You can increase the size of the file I/O buffer by using the setvbuf() function, see:

http://msdn.microsoft.com/en-us/library/aa272909(VS.60).aspx

for additional information on this function and how to use it.

You might add a call to setvbuf(), with a request for a large file I/O buffer, after each of the fopen() calls.

Note: I do not know what the maximum buffer size is that can be specified with setvbuf(), it is probably dependent on the specific C library implementation and OS being used. The function might "max out" and not tell you if you requested something "too big," so some experimentation may be called for.

Hope this helps,

Paul

mbrierst · ‎09-16-2009

Quoting - Paul F (Intel)

You might try altering the ijg_timing.c file to increase the size of the file I/O buffers; although I haven't looked closely enough at the code and how the measurements are made to guarantee that this will fix the problem, it might help.

You can increase the size of the file I/O buffer by using the setvbuf() function, see:

http://msdn.microsoft.com/en-us/library/aa272909(VS.60).aspx

That's some great advice. The maximum size is 32768 as referenced in the documentation you linked to, though that may be out of date as it's back on VC++6.0. It looks like it's gone up since then, see: http://msdn.microsoft.com/en-us/library/86cebhfs.aspx

Using a buffer size of 32768 sped up code for both by 25%, but still no advantage for IPP. Moving the images to the local drive didn't make much difference either.
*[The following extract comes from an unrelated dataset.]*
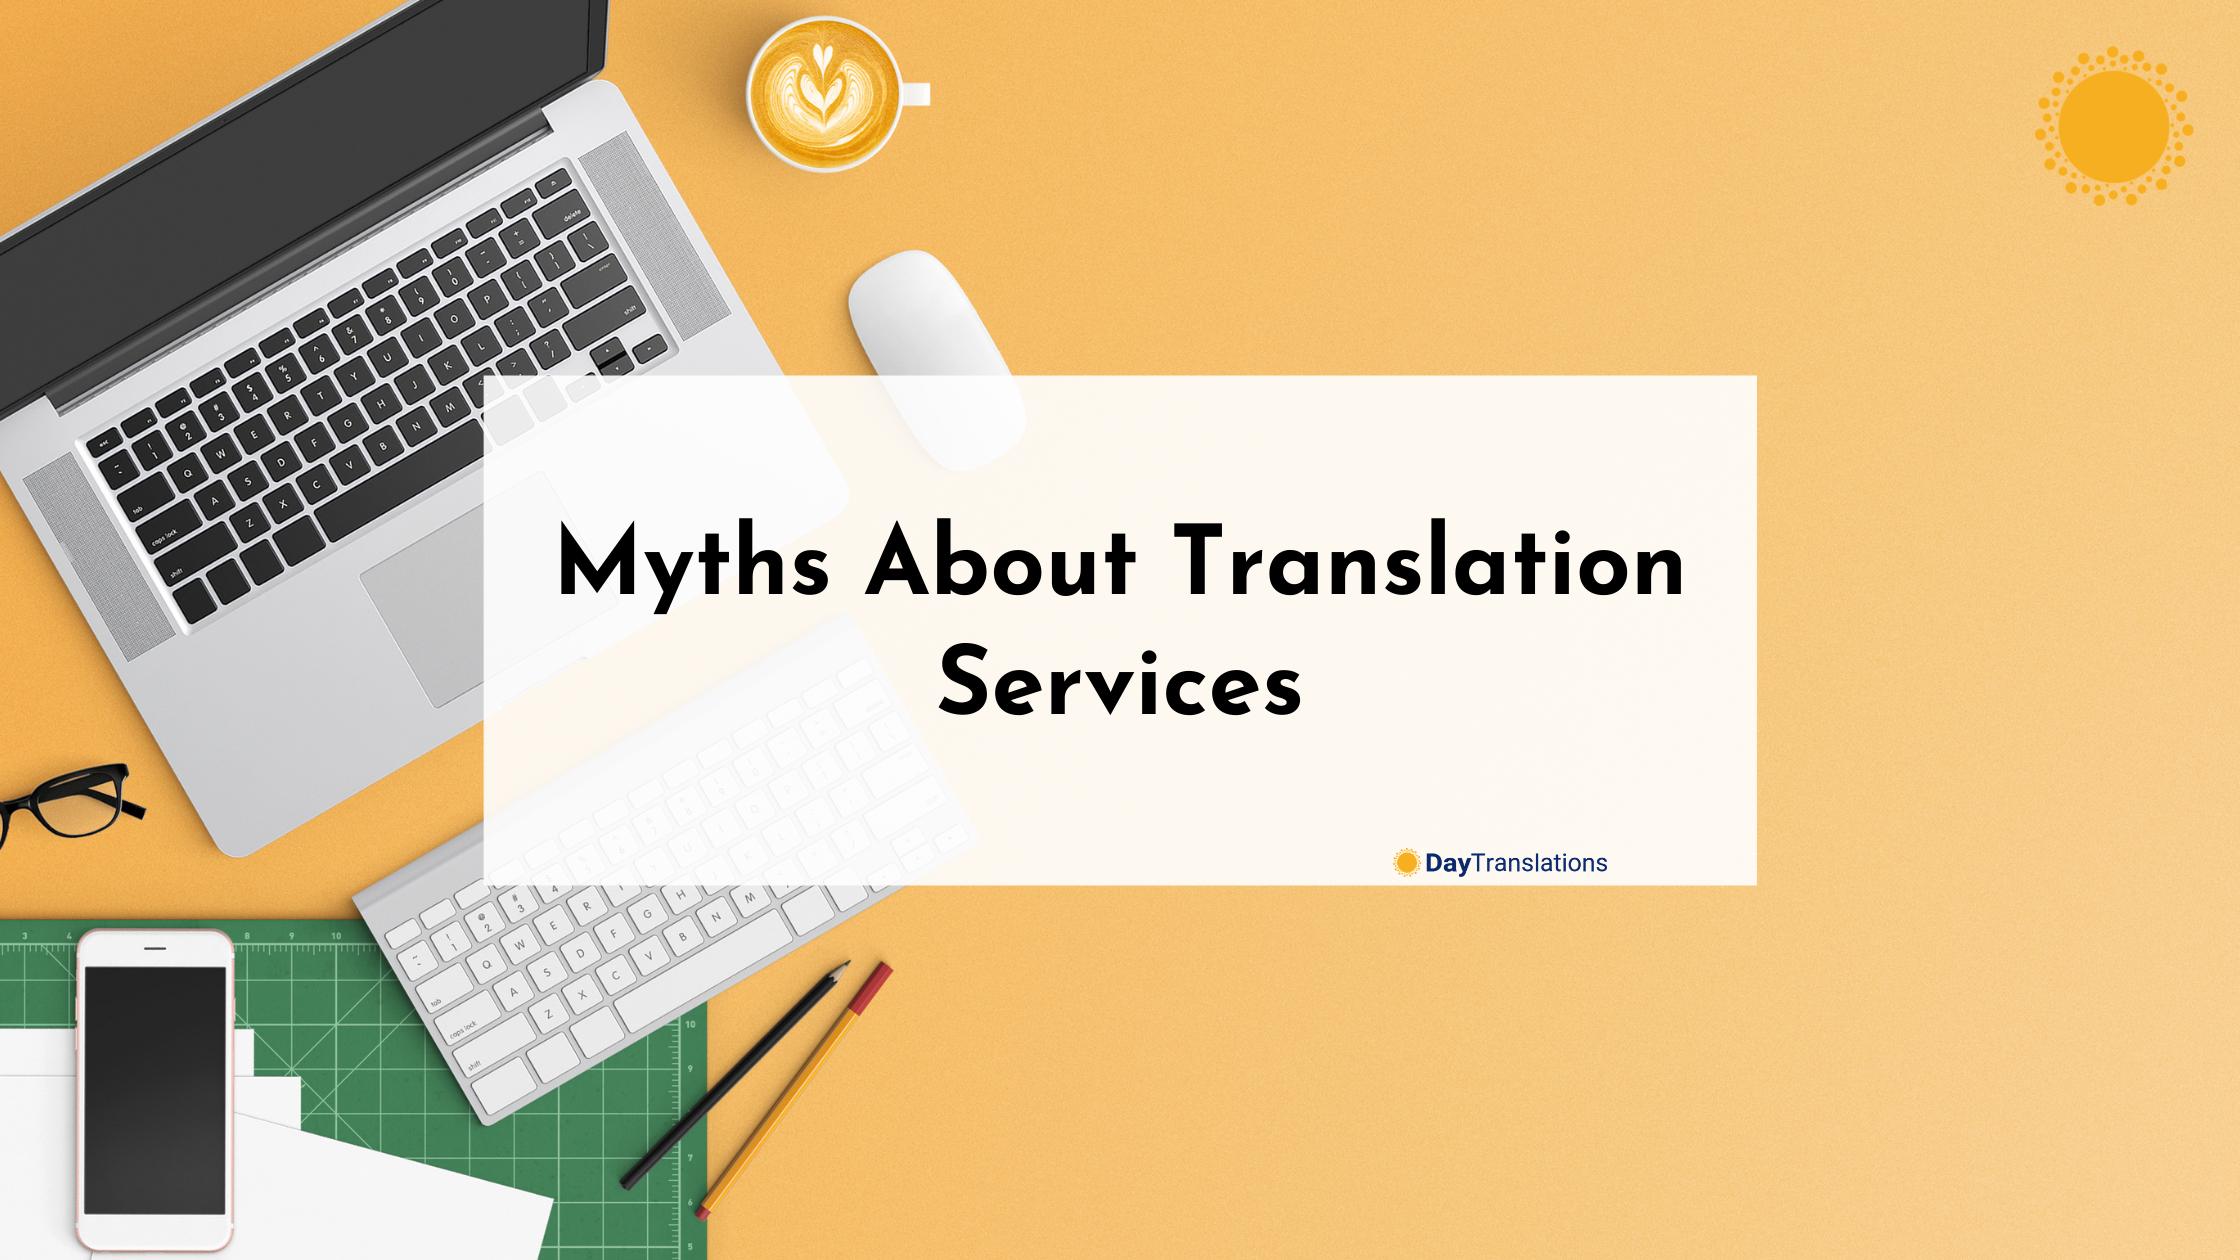 Myths About Translation Services

Removing filling of the array and just leaving the calls to jpeg_read_scanlines sped everything up of course, but still no performance difference between the two.

It's definitely possible that I'm somehow doing linking wrong or something, but I think the time I have to spend on this is up now. I may come back to it later.
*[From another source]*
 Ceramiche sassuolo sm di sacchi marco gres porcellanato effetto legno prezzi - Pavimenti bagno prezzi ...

Vladimir_Dudnik · ‎09-17-2009

Hello,

if you link with IPP static libraries please make sure you call ippStaticInit function somewhere in the beginning of your application. Otherwise generic code will be dispatched by IPP to run instead of optimized for your processor

Regards,
Vladimir

mbrierst · ‎09-17-2009

Quoting - Vladimir Dudnik (Intel)

Hello,

if you link with IPP static libraries please make sure you call ippStaticInit function somewhere in the beginning of your application. Otherwise generic code will be dispatched by IPP to run instead of optimized for your processor

Regards,
Vladimir

I'm aware of that, but thanks for the advice. I've been linking to a DLL (custom DLL using the linking example), but I'm trying other types of linking to see if I can get a performance improvement. I'll report back. Does using the visual studio 2008 compiler make a big difference compared to using the intel compiler?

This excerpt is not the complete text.